- WHAT YOU HAVE TO DO
Because the copy must hold no pictures, return the data below with all of its words intact.

- DATA SECTION
************

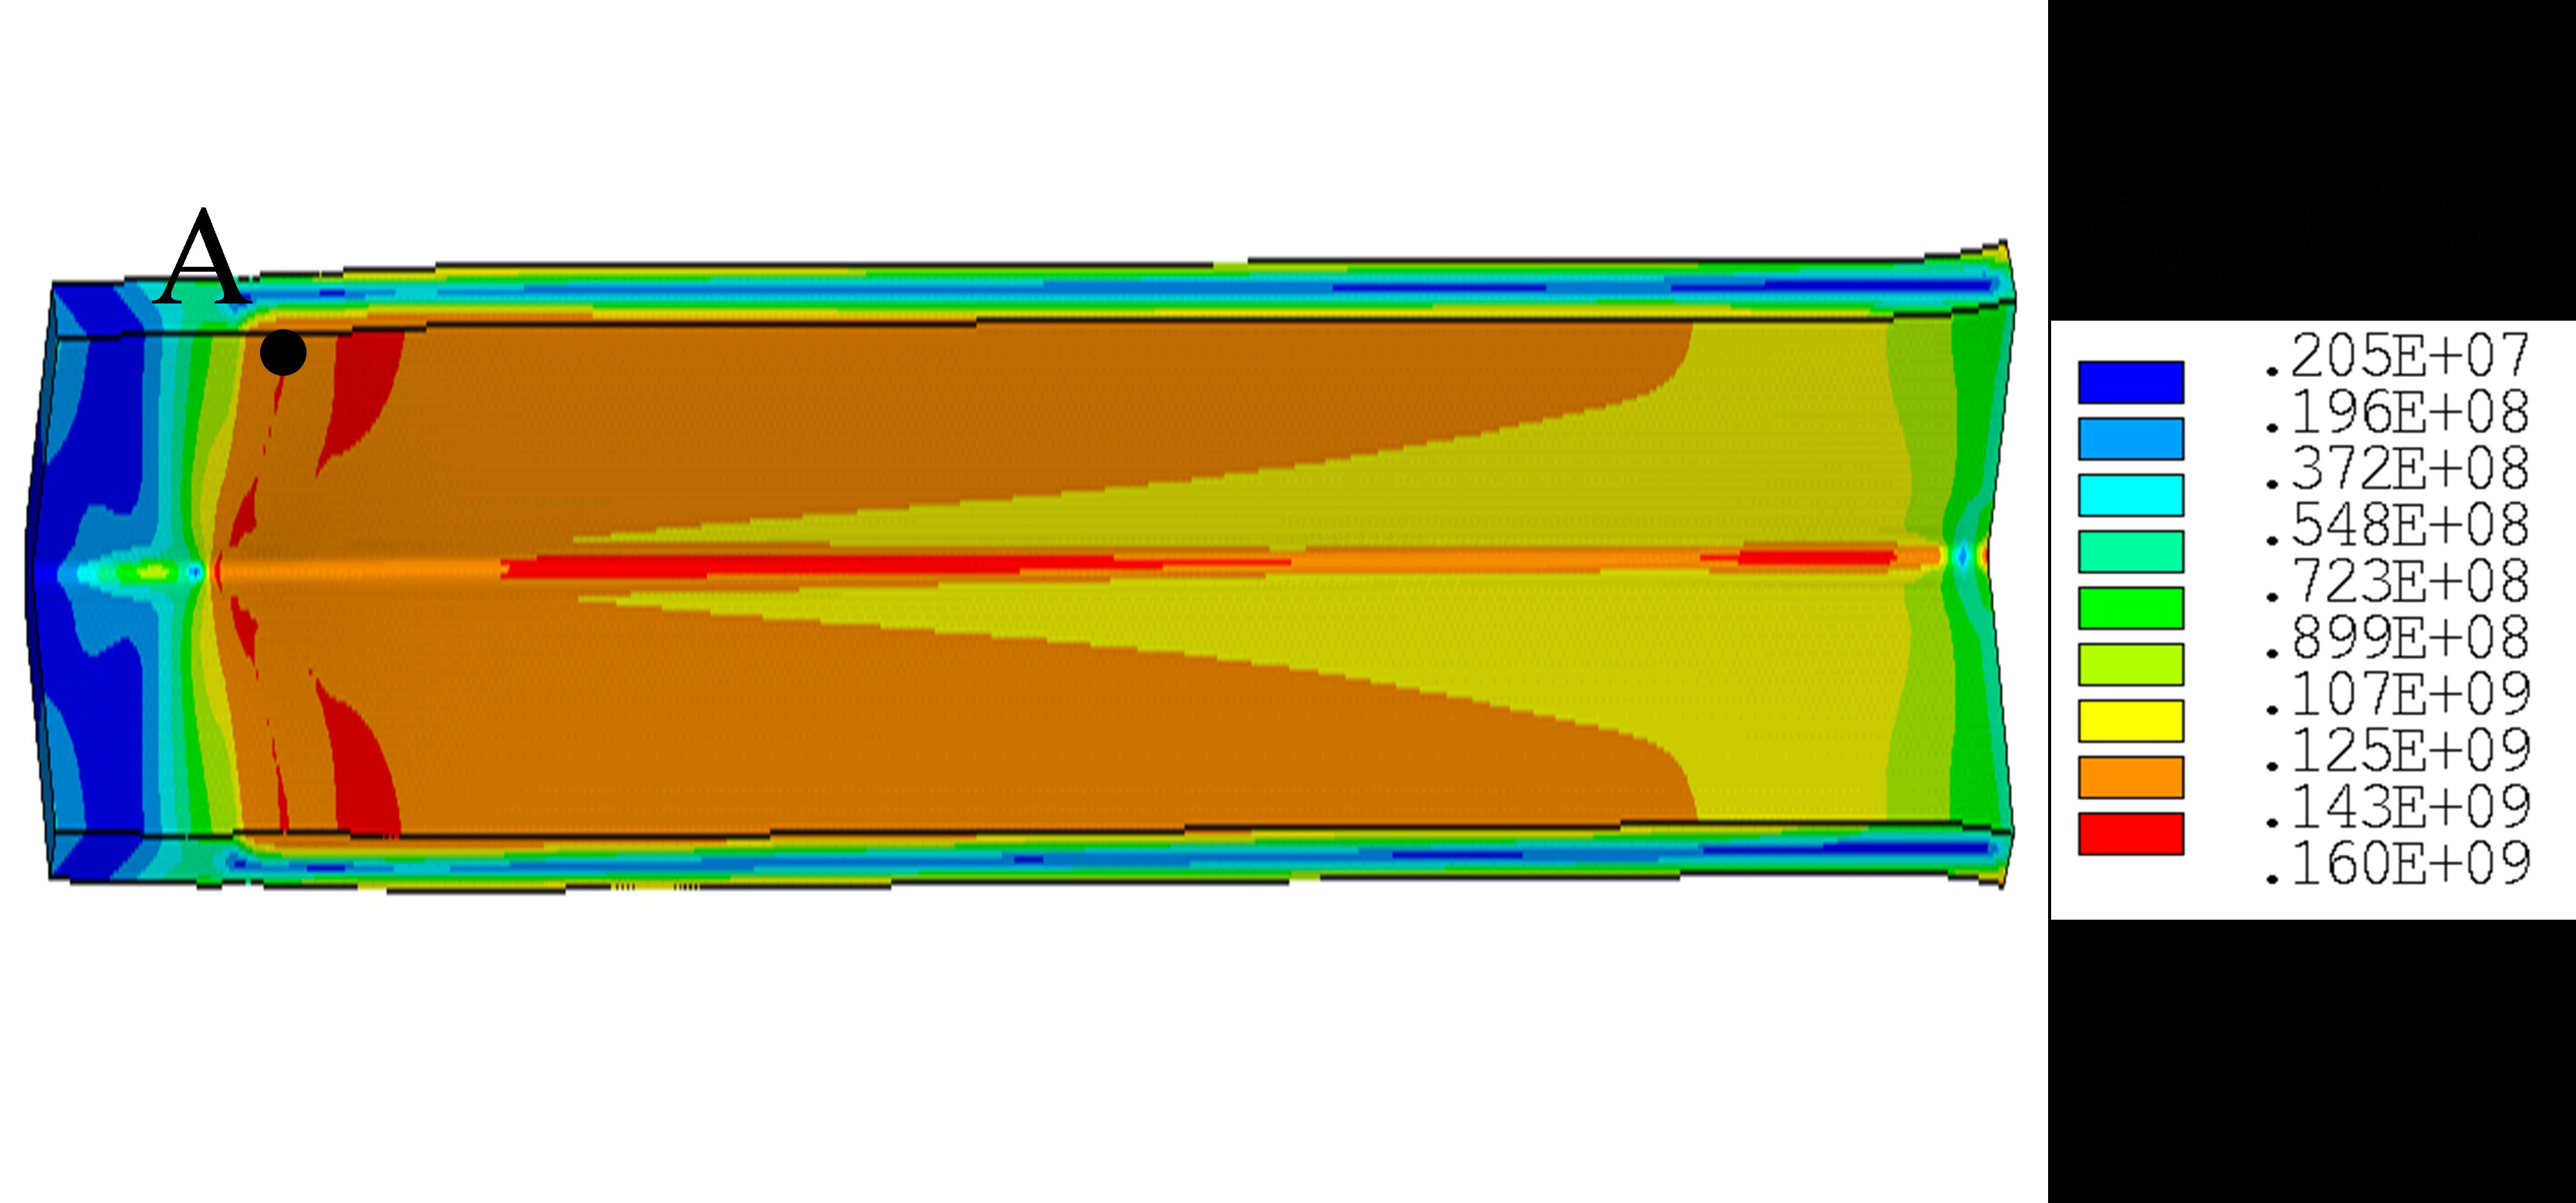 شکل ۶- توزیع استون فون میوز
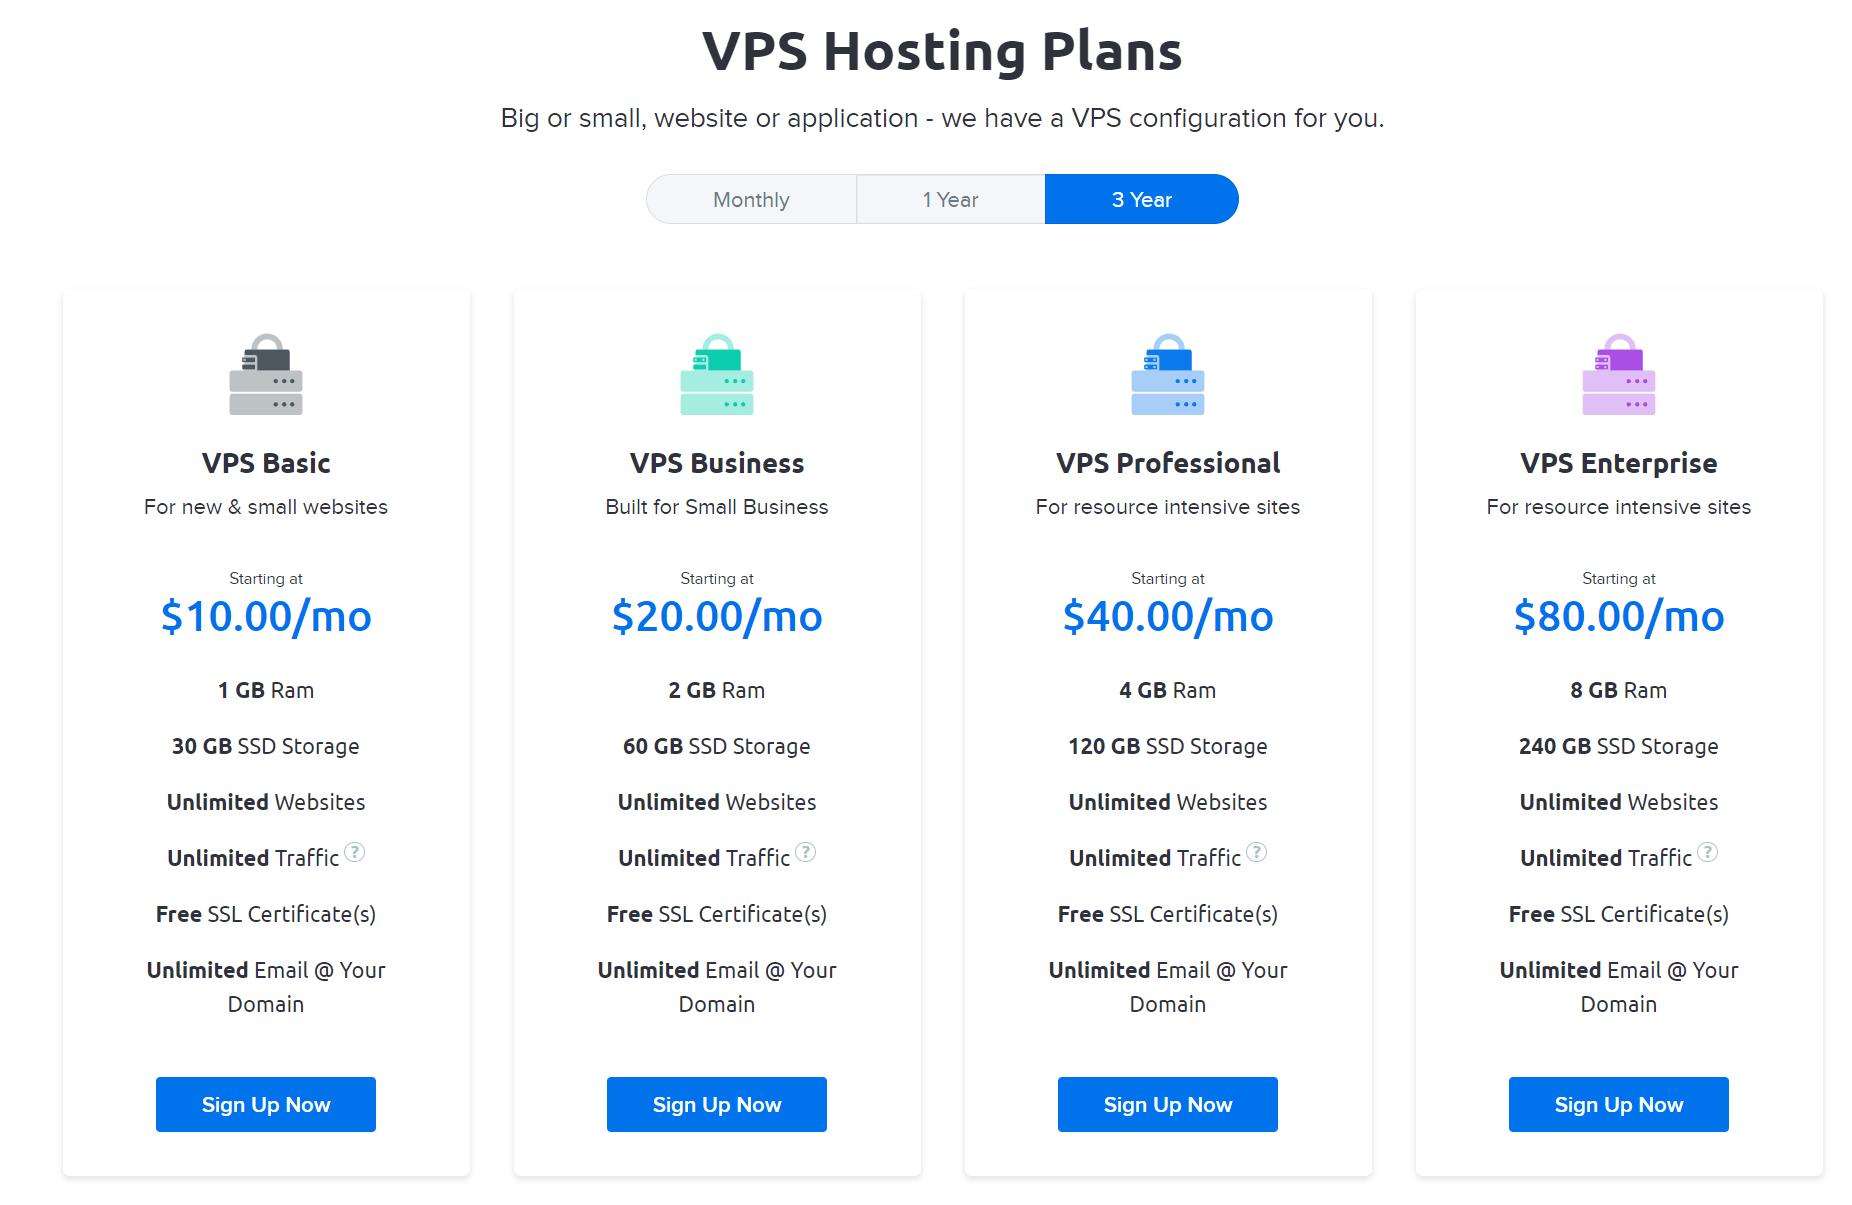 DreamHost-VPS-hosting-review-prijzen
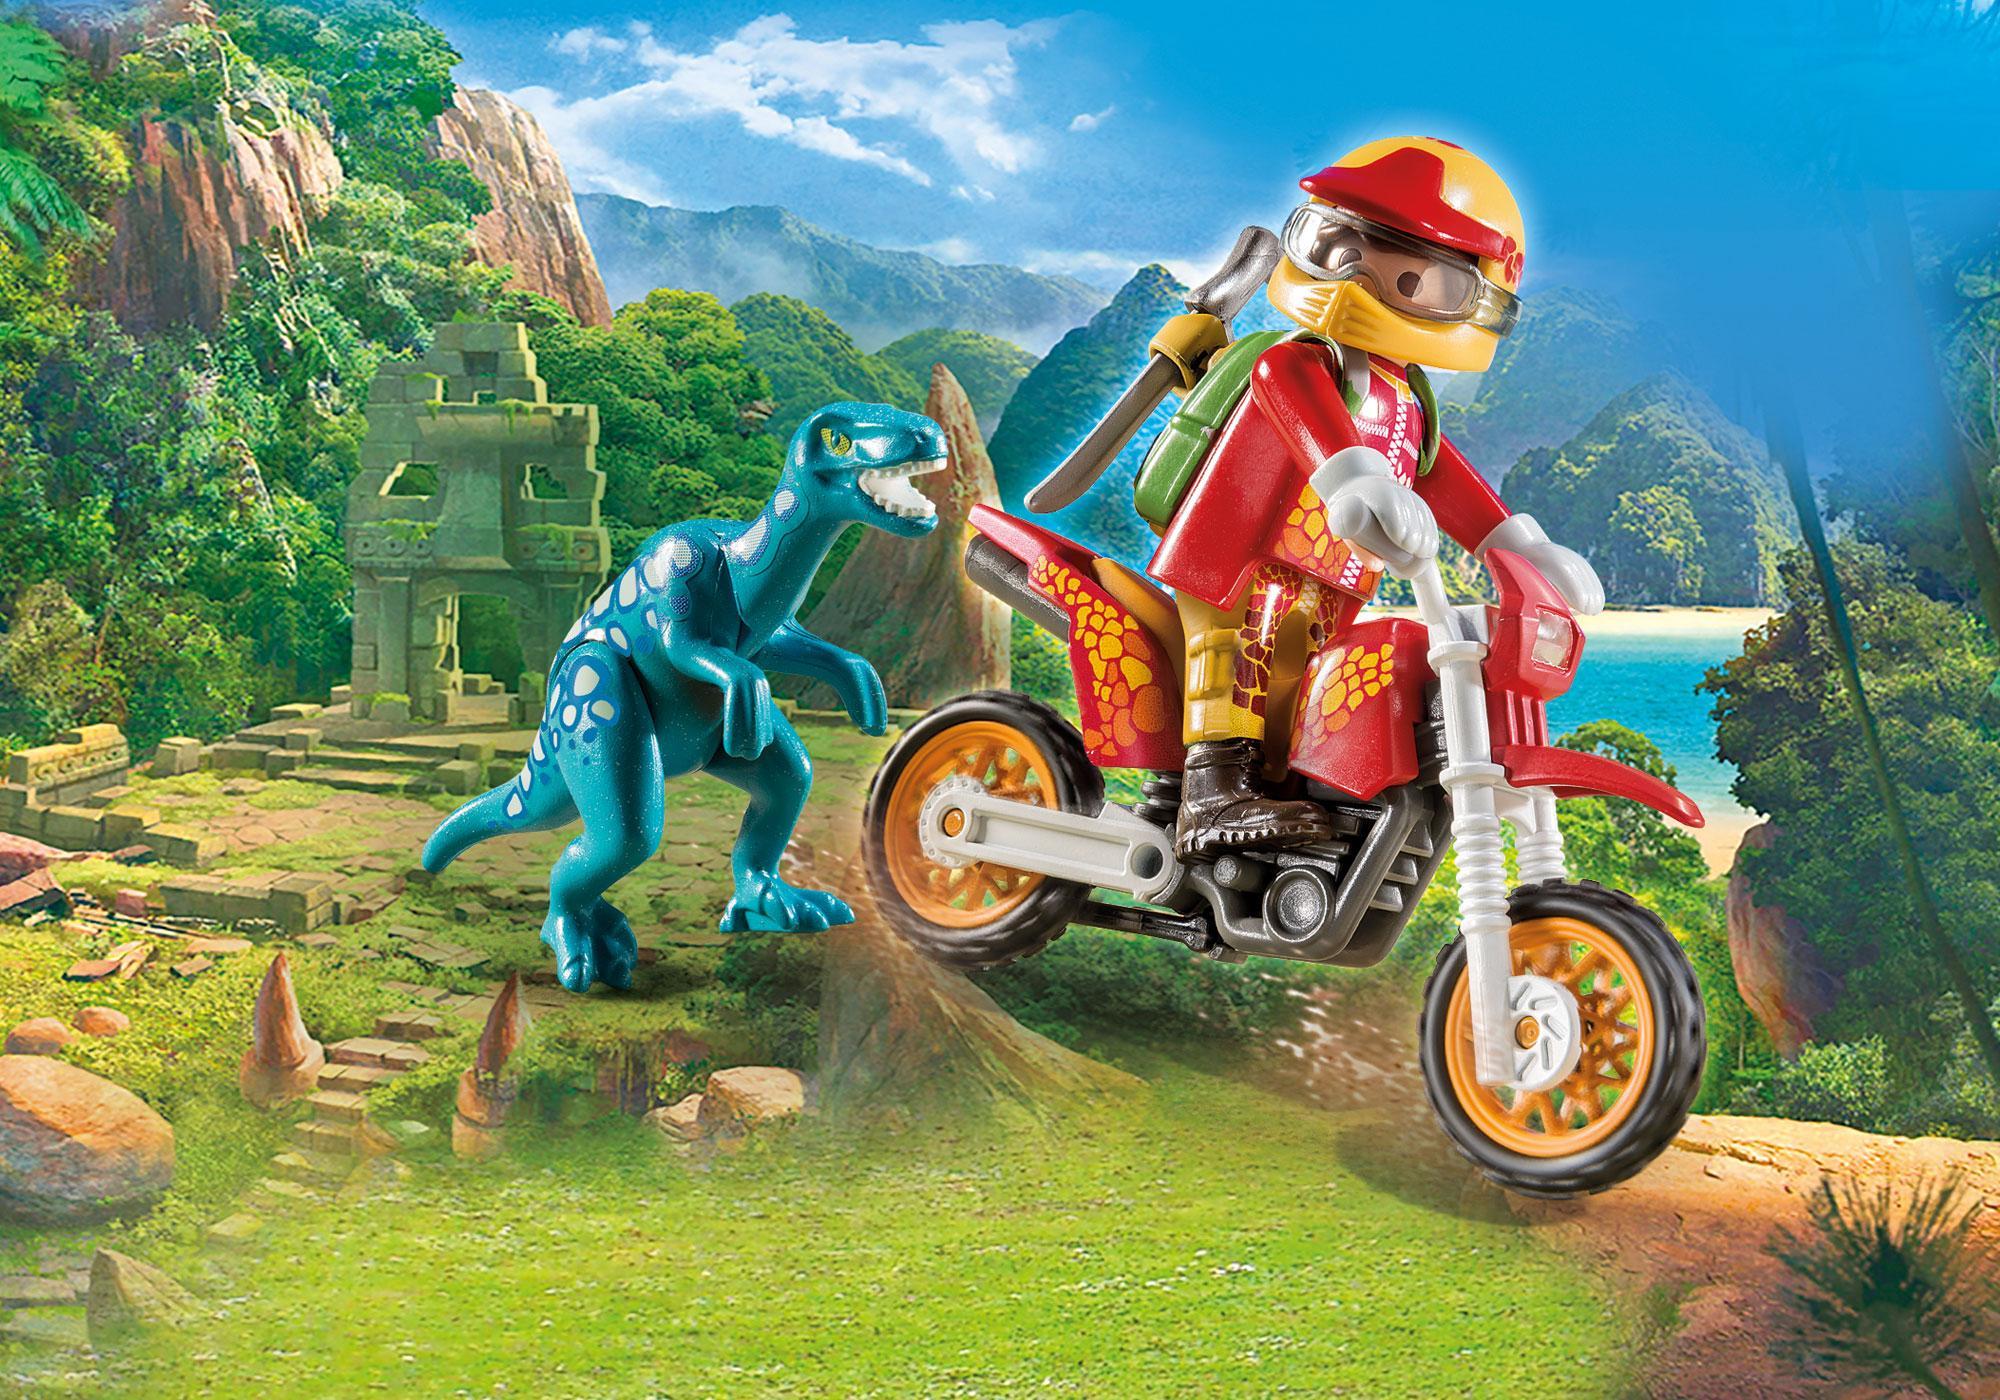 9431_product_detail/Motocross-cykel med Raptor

************

- RESPONSE BOX
 شکل ۶- توزیع استون فون میوز
 DreamHost-VPS-hosting-review-prijzen
 9431_product_detail/Motocross-cykel med Raptor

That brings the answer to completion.